**What is expected**. In the entries below, find the line with "10mm Width Black" and the line with "DIY Wedding Ideas". Repeat exactly everything between them, those two lines included, but not the pictures.

**Material supplied**.

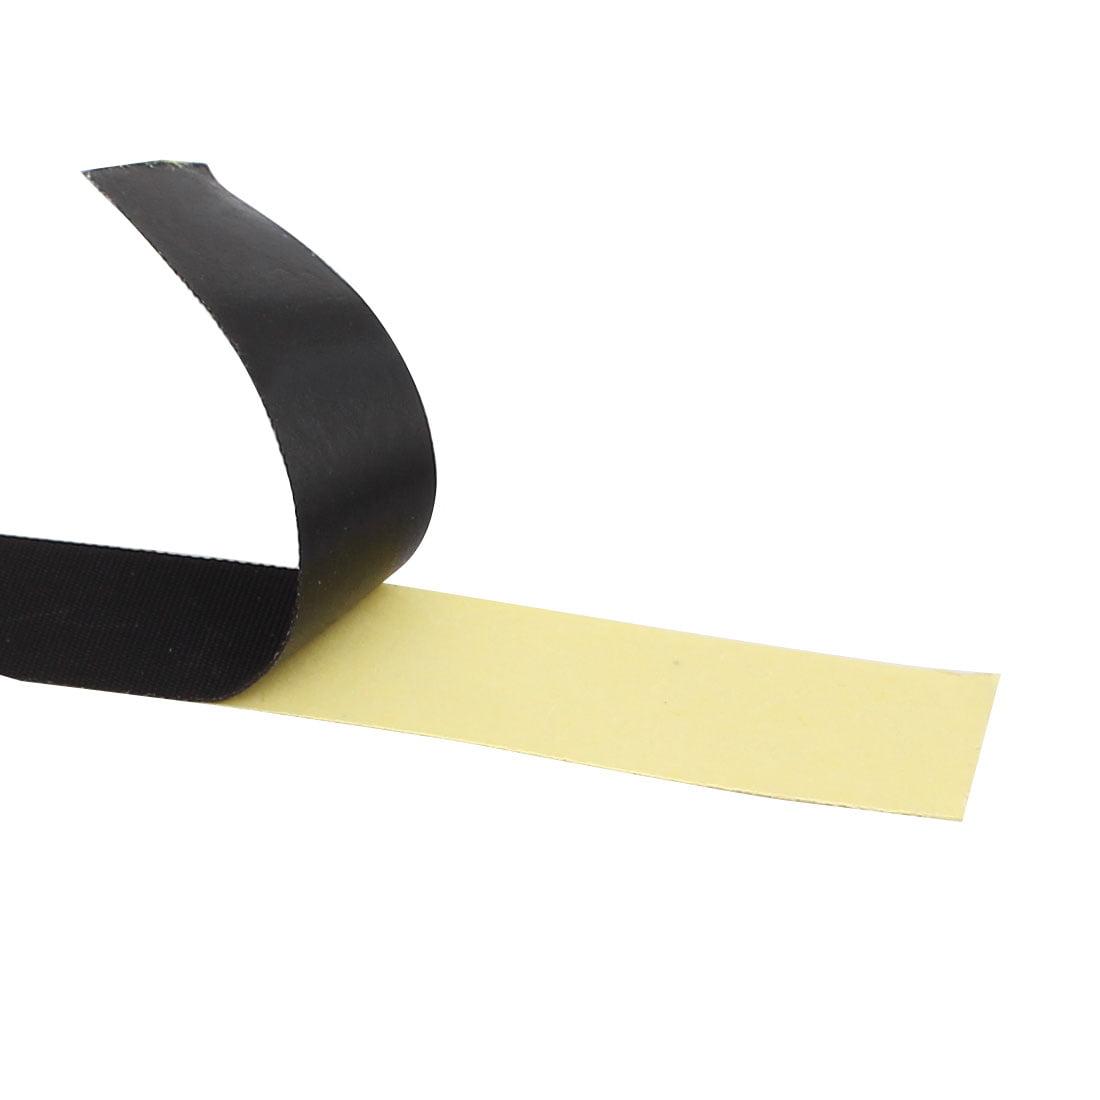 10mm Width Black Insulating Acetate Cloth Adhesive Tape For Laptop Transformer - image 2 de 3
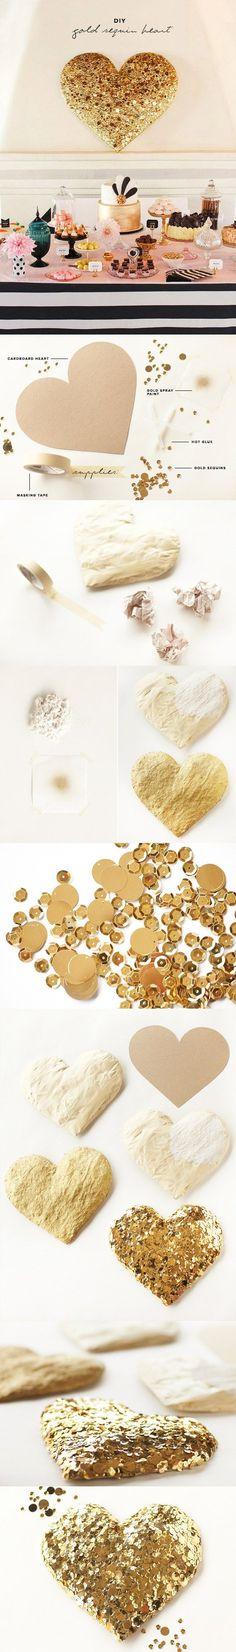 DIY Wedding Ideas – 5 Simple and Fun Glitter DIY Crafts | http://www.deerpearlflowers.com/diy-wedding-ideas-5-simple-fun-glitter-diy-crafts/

==

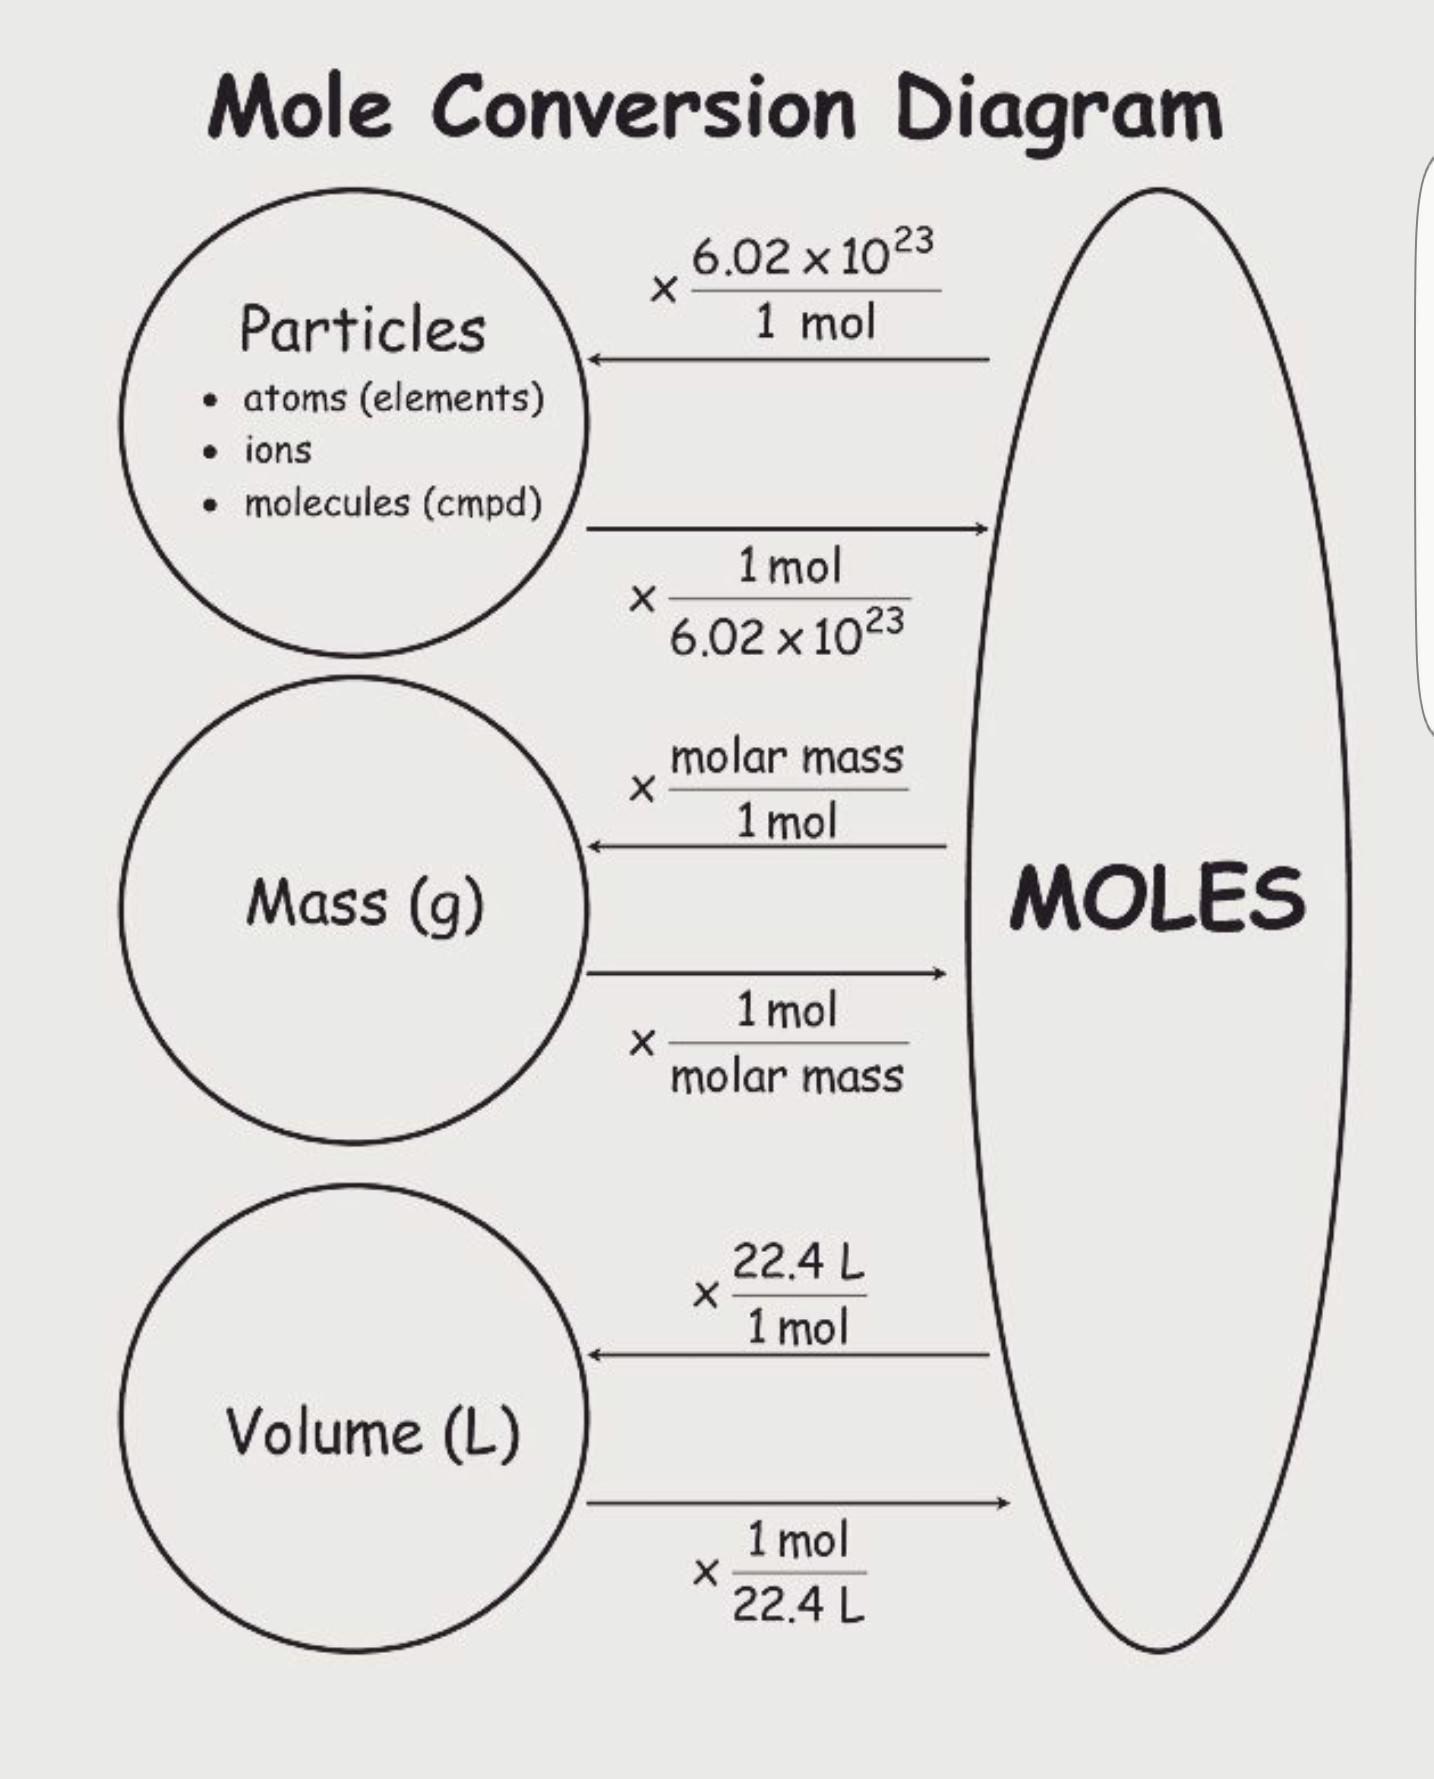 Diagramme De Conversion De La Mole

* * *

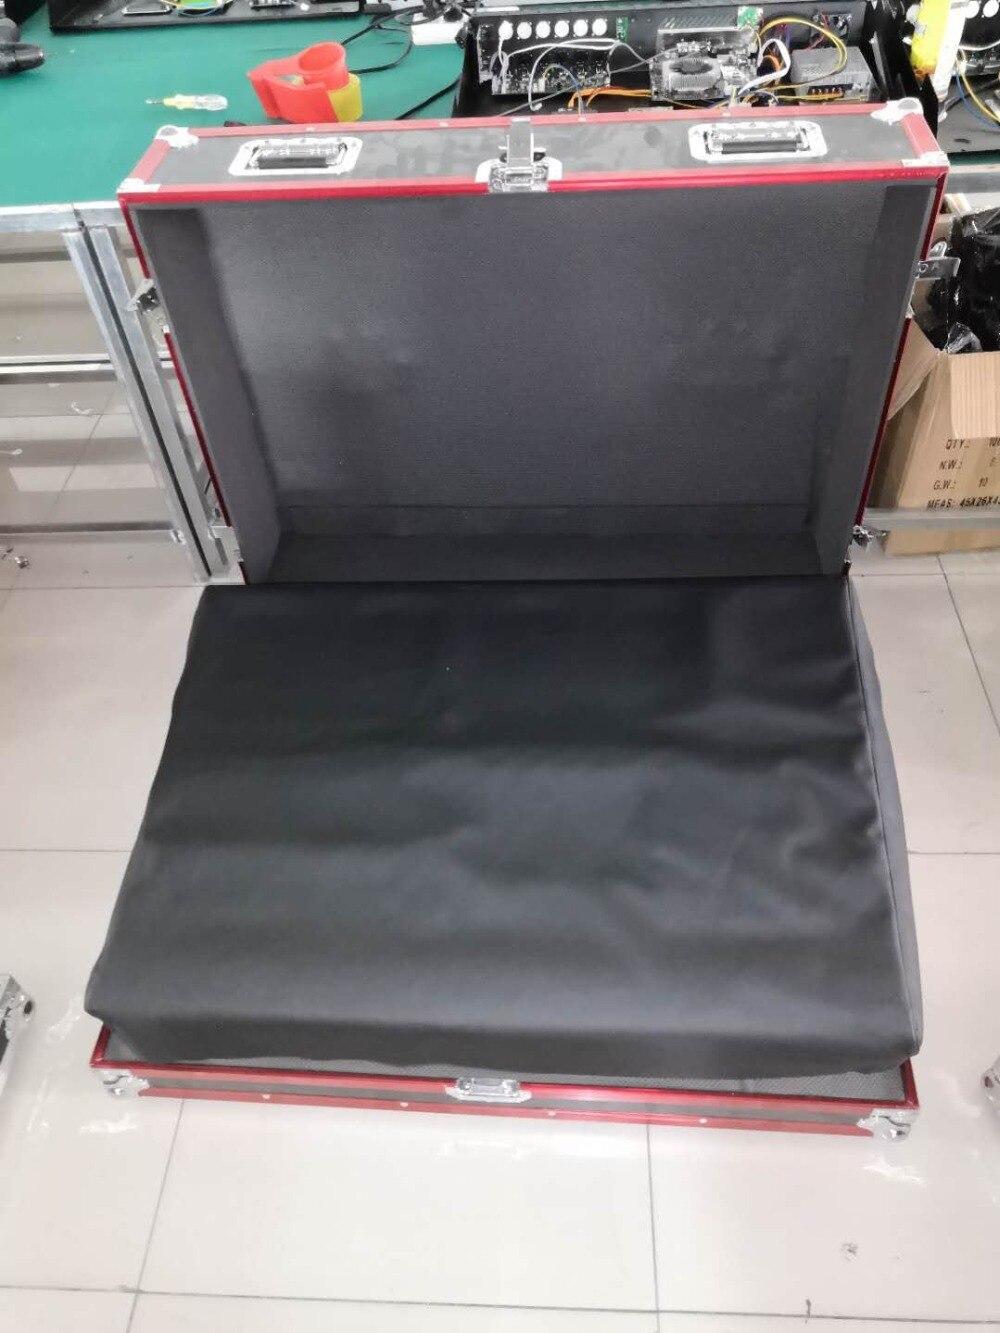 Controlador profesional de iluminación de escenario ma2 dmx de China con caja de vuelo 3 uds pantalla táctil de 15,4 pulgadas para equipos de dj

**The completed task**.
 10mm Width Black Insulating Acetate Cloth Adhesive Tape For Laptop Transformer - image 2 de 3
 DIY Wedding Ideas – 5 Simple and Fun Glitter DIY Crafts | http://www.deerpearlflowers.com/diy-wedding-ideas-5-simple-fun-glitter-diy-crafts/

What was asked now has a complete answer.